An electron in a long, organic molecule used in a dye laser behaves approximately like a quantum particle in a box with width 4.18 nanometres. Find the wavelength of the emitted photon when the electron makes a transition from the first excited state to the ground state.
This statement says that the width of the box is 4.18 nanometres, which we’ll call 𝑤. We want to solve for the wavelength of the photon emitted when the electron goes from the first excited state to the ground state; we can call that wavelength 𝜆. Let’s start by drawing a diagram.
Saying that a particle is in a box is another way of saying it is confined in a space with zero probability of escaping that space. We’re told that this electron starts at the first excited state, where 𝑛 equals two, and makes a transition down one energy level to the ground state, where 𝑛 is one. In the process of making this transition, it emits a photon of wavelength 𝜆.
To solve for 𝜆, we can begin by remembering the particle in a box quantized energy levels. These energies are given in terms of the quantum number 𝑛. If we take that number and square it, multiply it by Planck’s constant ℎ squared, and divide all that by eight times the mass of the particle times the length of the box 𝐿 and square that, we get 𝐸 sub 𝑛 — the energy of the particle in the box at the 𝑛th energy level.
In our scenario, we can say the change in energy the electron experiences Δ𝐸 is equal to 𝐸 when 𝑛 equals two minus 𝐸 when 𝑛 equals one. Based on our particle in a box energy equation, we can also write this as two squared ℎ squared over eight 𝑚𝐿 squared minus one squared ℎ squared over eight 𝑚𝐿 squared, which simplifies to three ℎ squared over eight 𝑚𝐿 squared.
Now, this change in energy that the electron experiences when it drops down one energy level is equal to the energy of the photon that’s emitted during this drop.
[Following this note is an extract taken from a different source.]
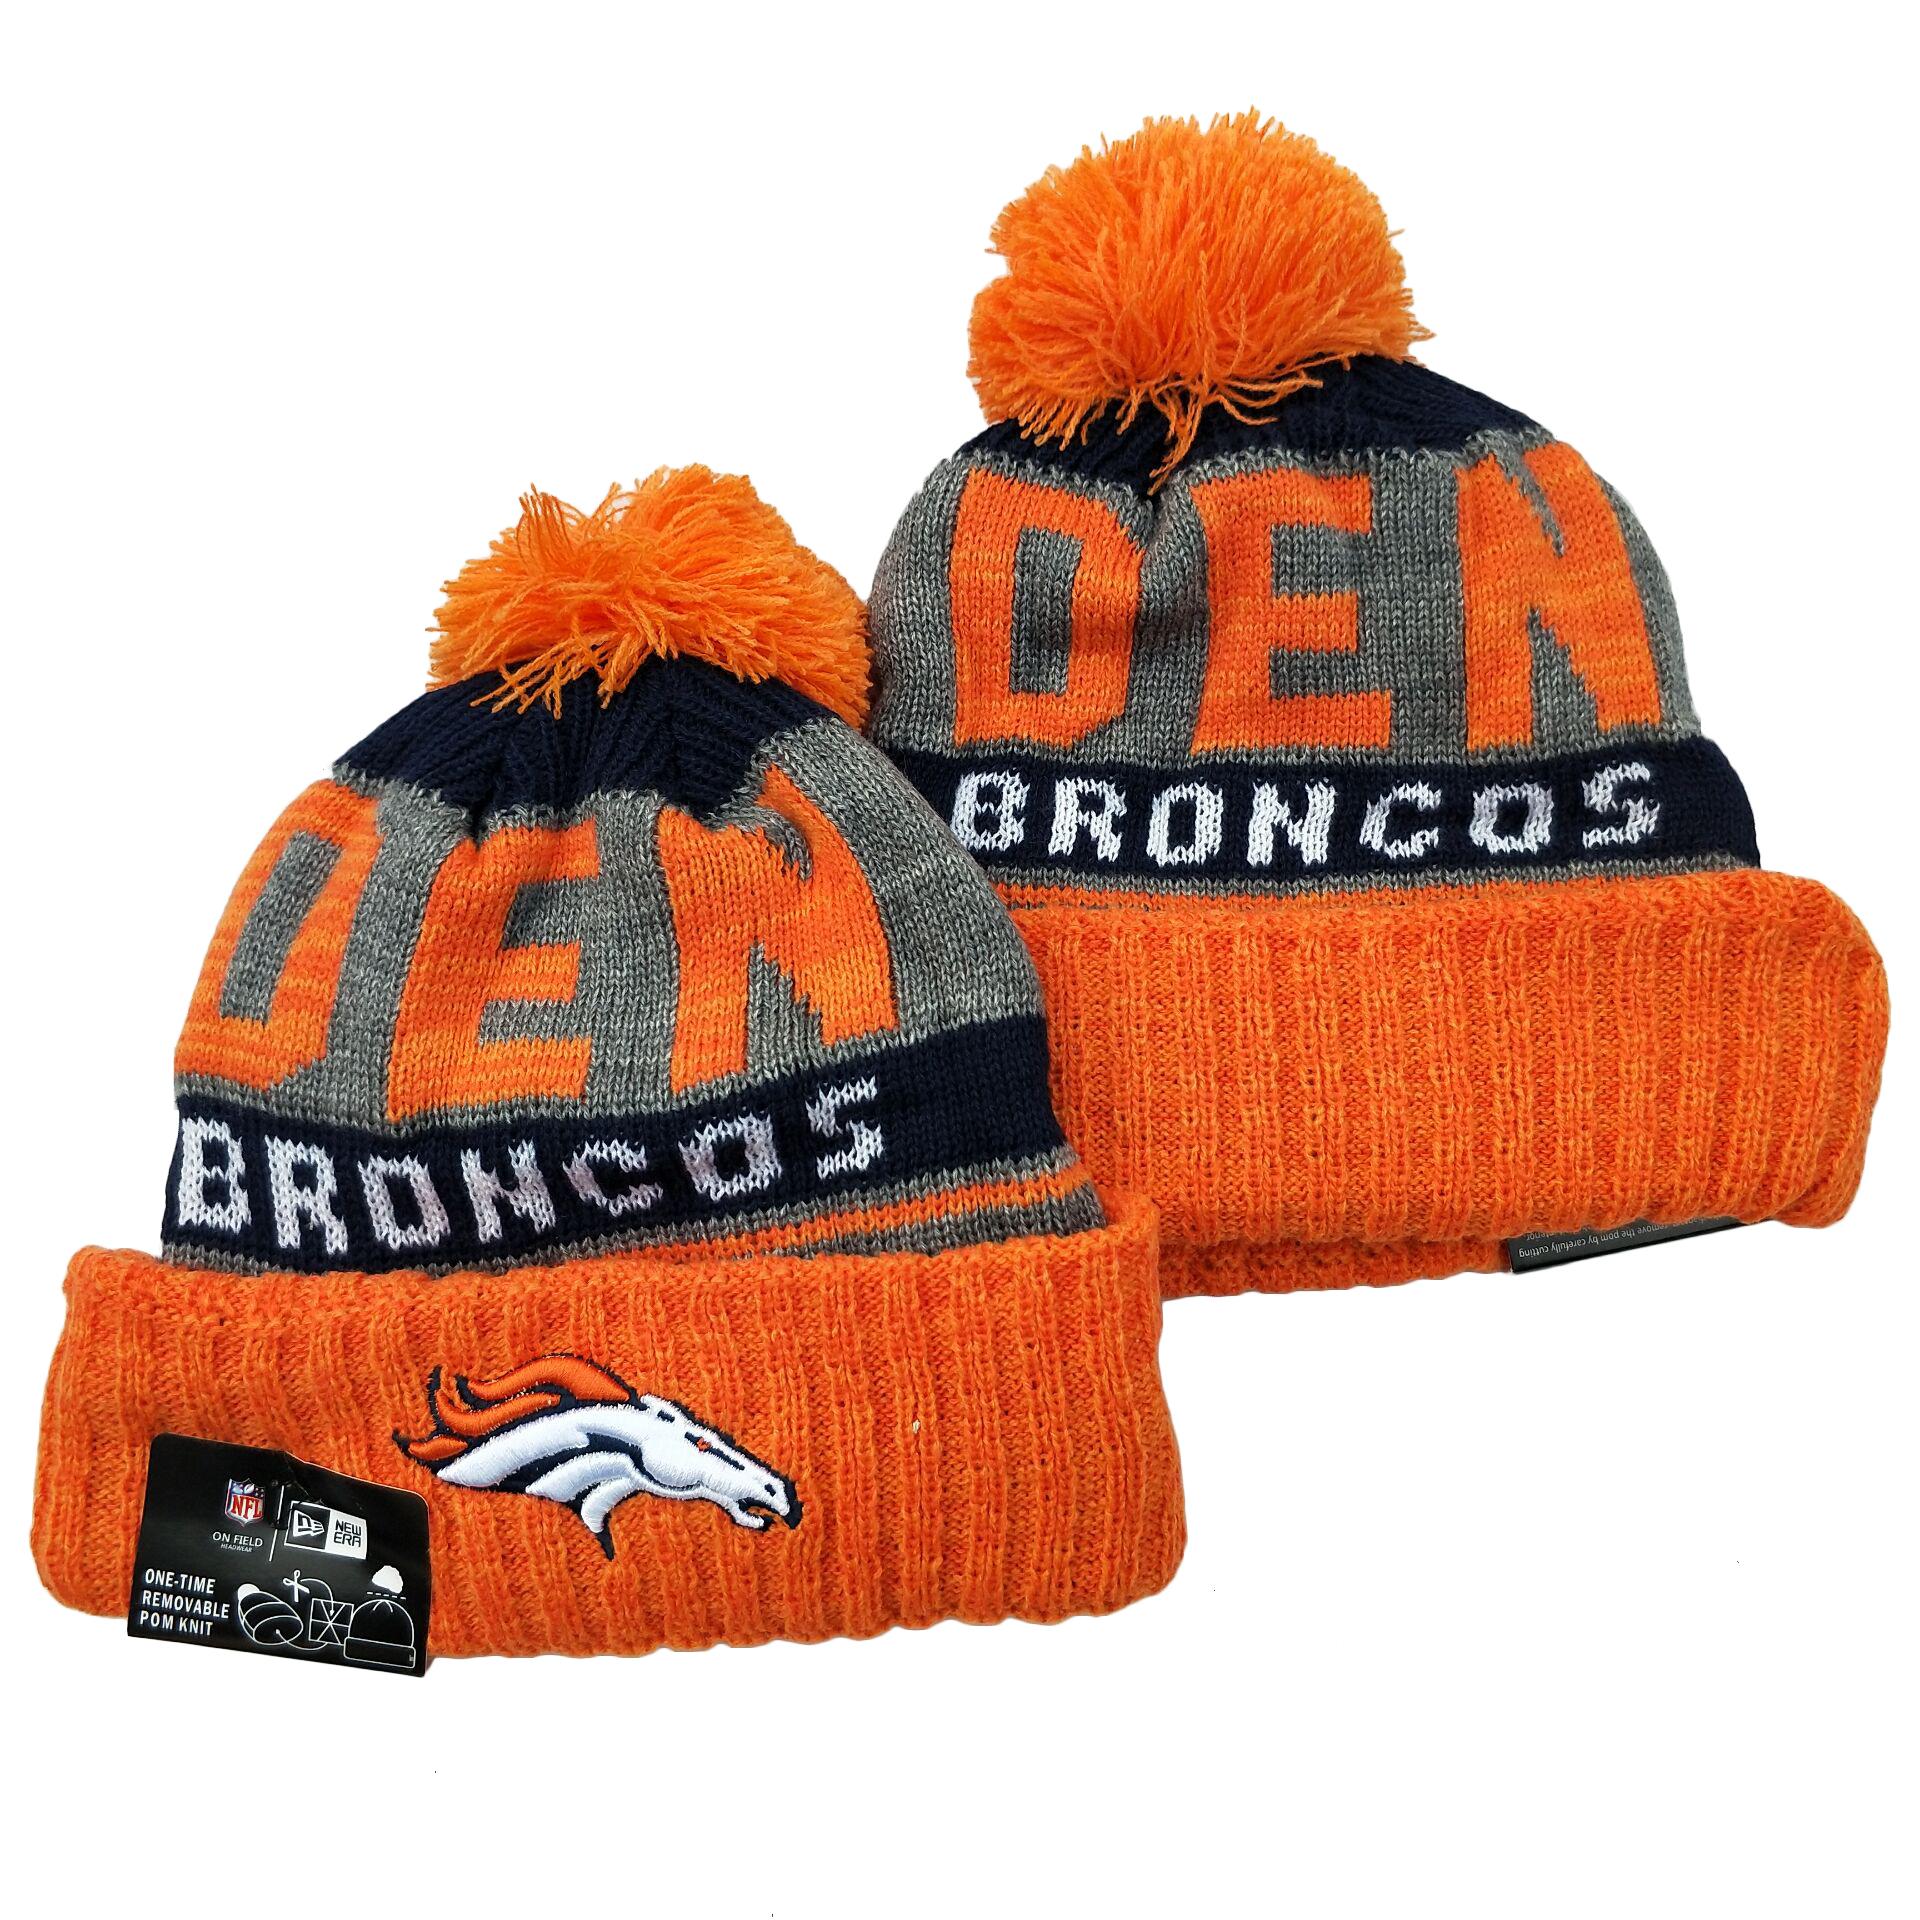 Broncos Team Logo Orange Cuffed Knit Hat YD

Recall that photon energy 𝐸 is equal to ℎ times 𝑓, the frequency of the photon, or ℎ times 𝑐 over 𝜆. Using this expression for 𝐸 sub 𝑝 in our equation, we can see that a factor of ℎ cancels out of both sides.
We want to rearrange this equation to solve for 𝜆, the wavelength. When we do that, we see it’s equal to eight times the mass of the electron in the well times the speed of light times the width of the well 𝐿 squared divided by three times Planck’s constant. We’ll assume in this problem that the mass of the electron is exactly 9.1 times 10 to the negative 31st kilograms, the speed of light 𝑐 is 3.00 times 10 to the eighth meters per second, and Planck’s constant ℎ is 6.626 times 10 to the negative 34th Joule-seconds.
Knowing these constants and that the capital 𝐿 in our equation is represented by the width of the well 𝑤, we’re ready to substitute 𝑛 and solve for 𝜆. When we do that, we’re careful to express the width of the well in units of metres to match the SI units in the rest of the expression. Now, we enter these values on our calculator and find that 𝜆 is 19.2 times 10 to the negative six meters or 19.2 microns. That’s the wavelength of the photon emitted by this electronic transition.